LEMON: Localized Editing with Mesh Optimization and Neural Shaders
Furkan Mert Algan, Umut Yazgan, Driton Salihu, Cem Eteke, Eckehard Steinbach
TL;DR
LEMON addresses the challenge of editing polygonal meshes from multi-view images under natural language prompts while preserving the original geometry. It fuses neural deferred shading with localized mesh optimization, using vertex-level importance scores and ControlNet-conditioned diffusion to drive text-guided edits, with iterative dataset updates and mesh deformation. Evaluated on the DTU dataset, LEMON demonstrates superior alignment to prompts (via CLIP Directional Similarity) and maintains geometric integrity while delivering faster, more consistent results than several baselines. The approach offers a practical path to precise, localized mesh editing with coordinated appearance changes, though it relies on masking and suggests future inpainting-based extensions to add new geometry.
Abstract
In practical use cases, polygonal mesh editing can be faster than generating new ones, but it can still be challenging and time-consuming for users.
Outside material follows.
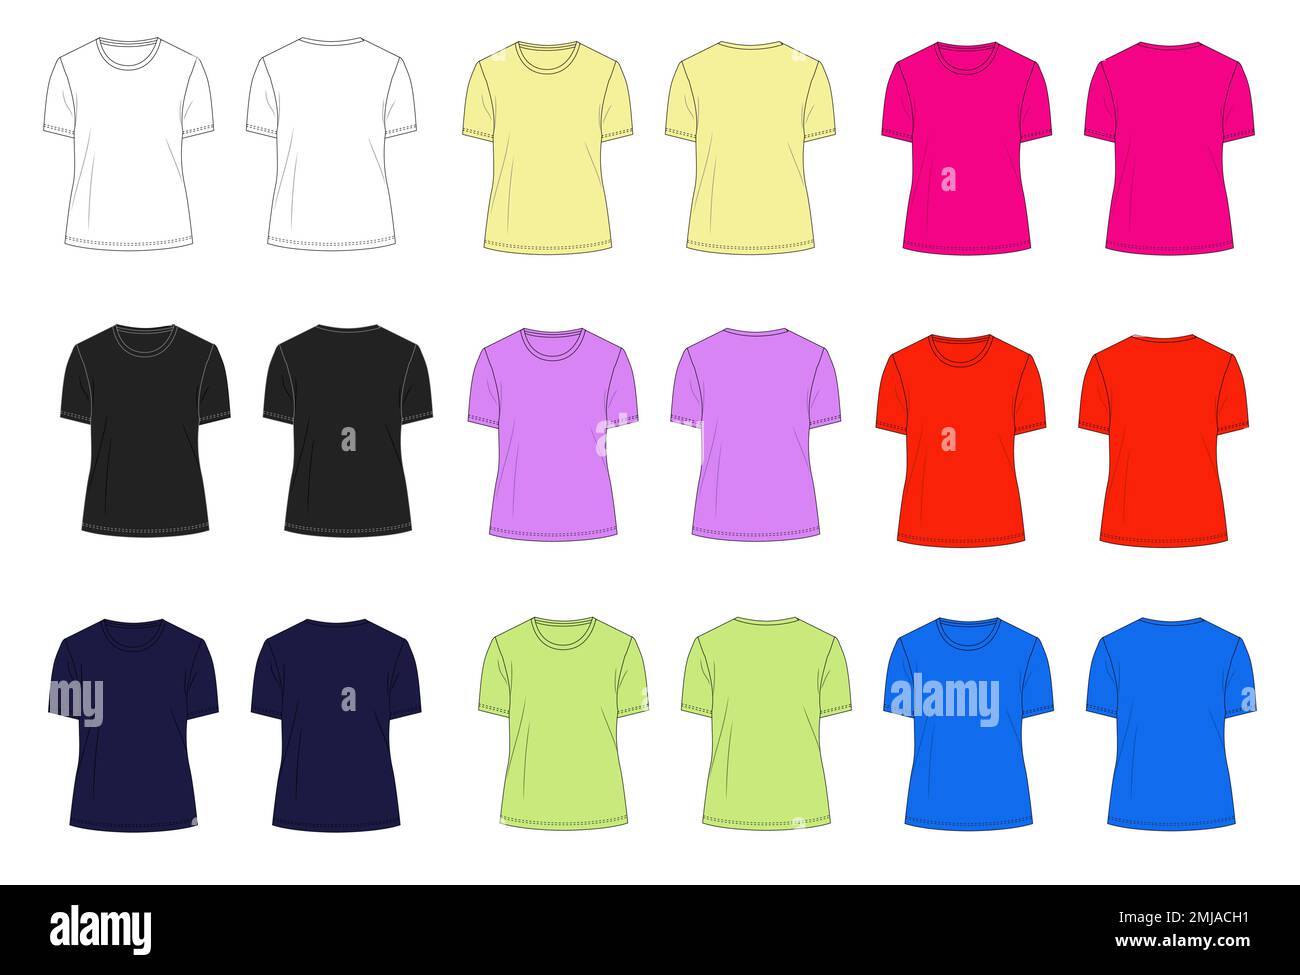 T-shirt a manica corta piatta multicolore modello tecnico di moda per donna e ragazza. Illustrazione grafica vettoriale mock up di abbigliamento Illustrazione Vettoriale

Existing solutions for this problem tend to focus on a single task, either geometry or novel view synthesis, which often leads to disjointed results between the mesh and view. In this work, we propose LEMON, a mesh editing pipeline that combines neural deferred shading with localized mesh optimization. Our approach begins by identifying the most important vertices in the mesh for editing, utilizing a segmentation model to focus on these key regions. Given multi-view images of an object, we optimize a neural shader and a polygonal mesh while extracting the normal map and the rendered image from each view. By using these outputs as conditioning data, we edit the input images with a text-to-image diffusion model and iteratively update our dataset while deforming the mesh. This process results in a polygonal mesh that is edited according to the given text instruction, preserving the geometric characteristics of the initial mesh while focusing on the most significant areas. We evaluate our pipeline using the DTU dataset, demonstrating that it generates finely-edited meshes more rapidly than the current state-of-the-art methods. We include our code and additional results in the supplementary material.